Recently it was an intolerable pain for me to build a so-called fat jar
‘s for my Spark
jobs in Scala using sbt
. Well, what’s was happening there? (NOTE: if you’re don’t use fat jars to submit Spark jobs and —this is a better way to deal with Spark though– then this article won’t be helpful at all)
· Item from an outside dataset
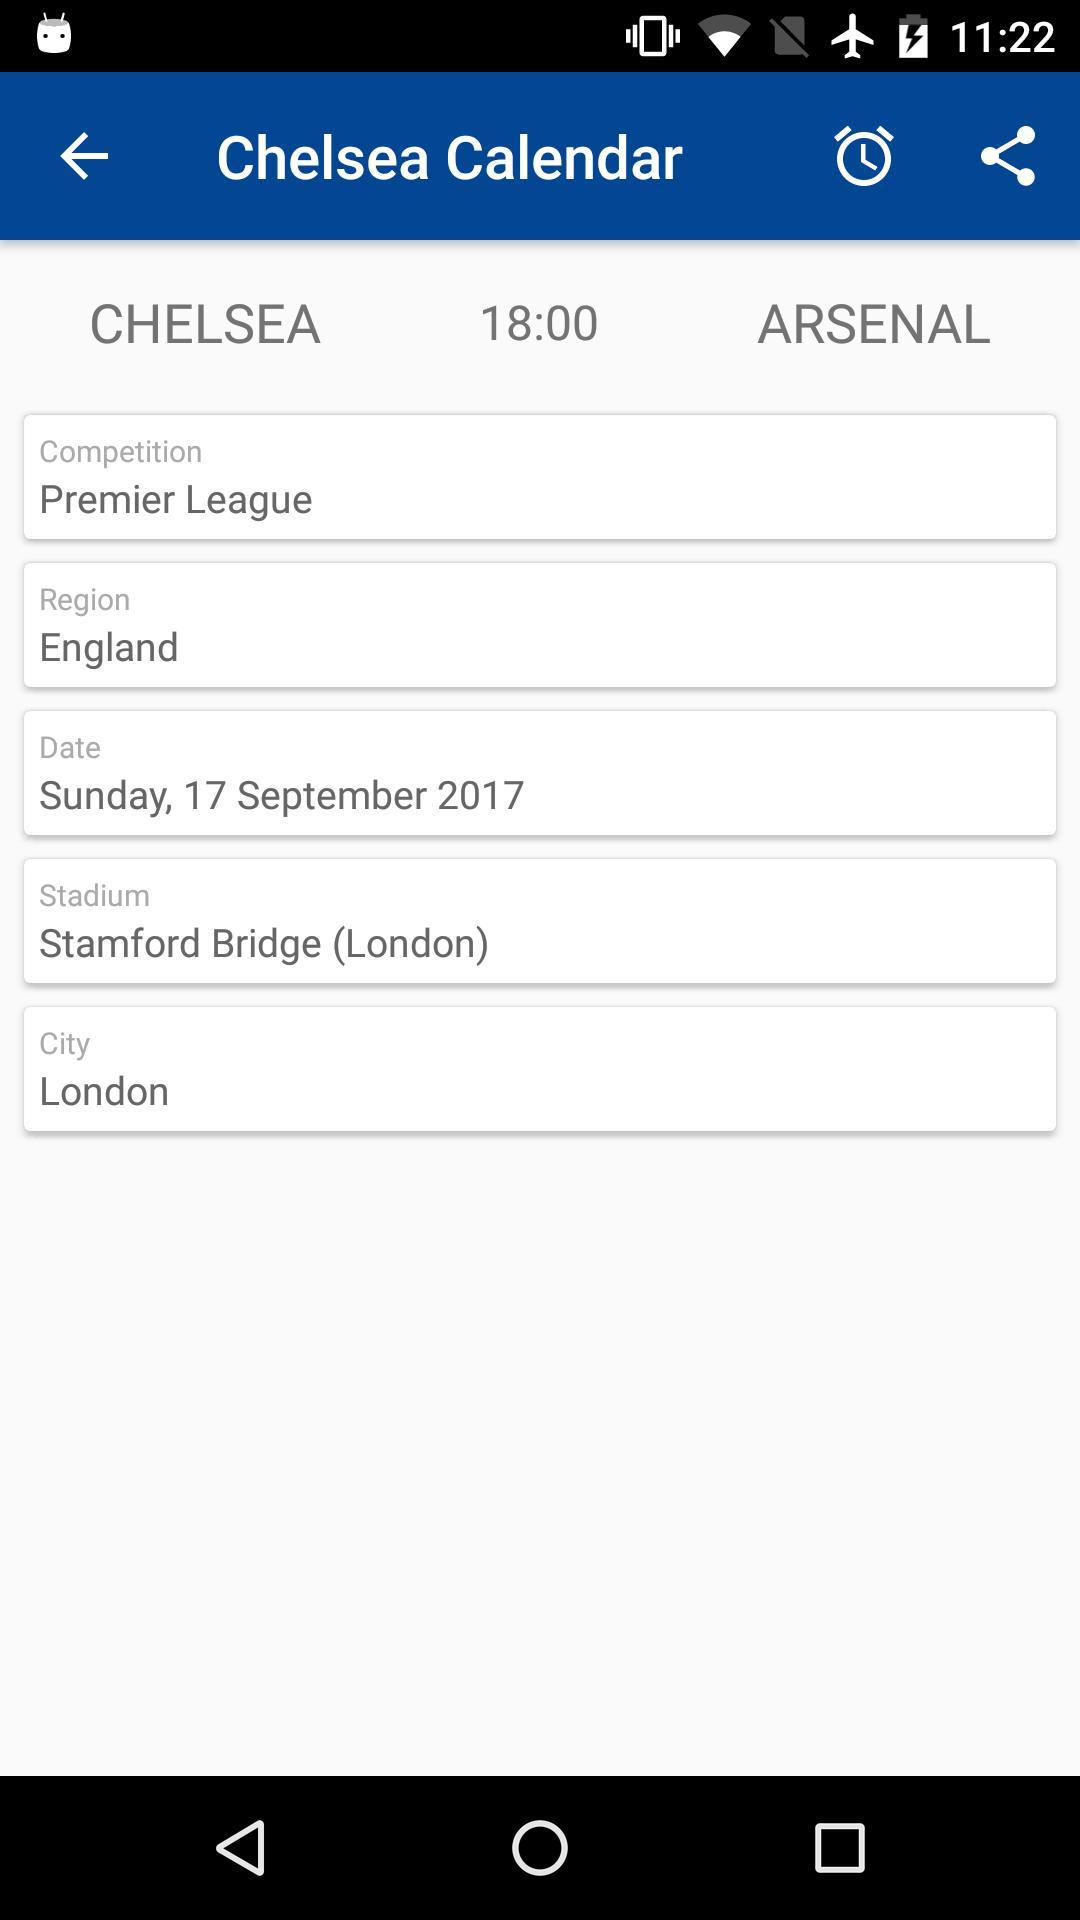 Chelsea Calendario.Chelsea Calendario For Android Apk Download

When it comes to assembling projects to fat jars, most discussions on the Internet say it is a good practice to discard the META-INF
folder. But why? This folder rarely contains valuable data in the context of your end project and can bring you a huge mess of messy files. Some of them are quite dangerous (especially *.DSA
or *.SF
files that came from Bouncy Castle
dependencies). But it all changes dramatically when you use Apache Spark
Structured Streaming for Kafka.
Let’s take a closer look:
val dfDrools = spark .readStream .format("kafka") // ??? .option("kafka.bootstrap.servers", kafkaConfig.getString("bootstrap.server")) .option("subscribe", kafkaConfig.getString("topicEventsIn")) .option("includeTimestamp", value = true) .load()
When you define kafka
as an input format, your application uses DataSourceRegister
file which contains mappings between format short names and actual implementation classes. The file should be placed under the META-INF/services/org.apache.spark.sql.sources.DataSourceRegister
folder. That means you have to provide a valid assemblyMergeStrategy
in your build.sbt
file. Otherwise, you will get plenty of errors while trying to submit such jar
to the Spark cluster.
After hours of searchings I found a “silver bullet” against merging issues:
assemblyMergeStrategy in assembly := { case "META-INF/services/org.apache.spark.sql.sources.DataSourceRegister" => MergeStrategy.concat case PathList("META-INF", xs @ _*) => xs map {_.toLowerCase} match { case ("manifest.mf" :: Nil) | ("index.list" :: Nil) | ("dependencies" :: Nil) => MergeStrategy.discard case "services" :: _ => MergeStrategy.filterDistinctLines case ps @ (x :: xs) if ps.last.endsWith(".sf") || ps.last.endsWith(".dsa") => MergeStrategy.discard case _ => MergeStrategy.first } case _ => MergeStrategy.first }
This merge strategy concatenates all DataSourceRegister
files from any given dependency folders, discard any manifest.mf
, index.list
or dependencies
files from the META-INF
along with any .dsa
and .sf
. For other files the MergeStrategy.first
will be used.
Conclusion
An assembly process of any fat jar may turn up a huge problem considering managing dependency conflicts during merging. It is better to pay an attention to the strategies given by sbt
and don’t hesitate to look up the best practices.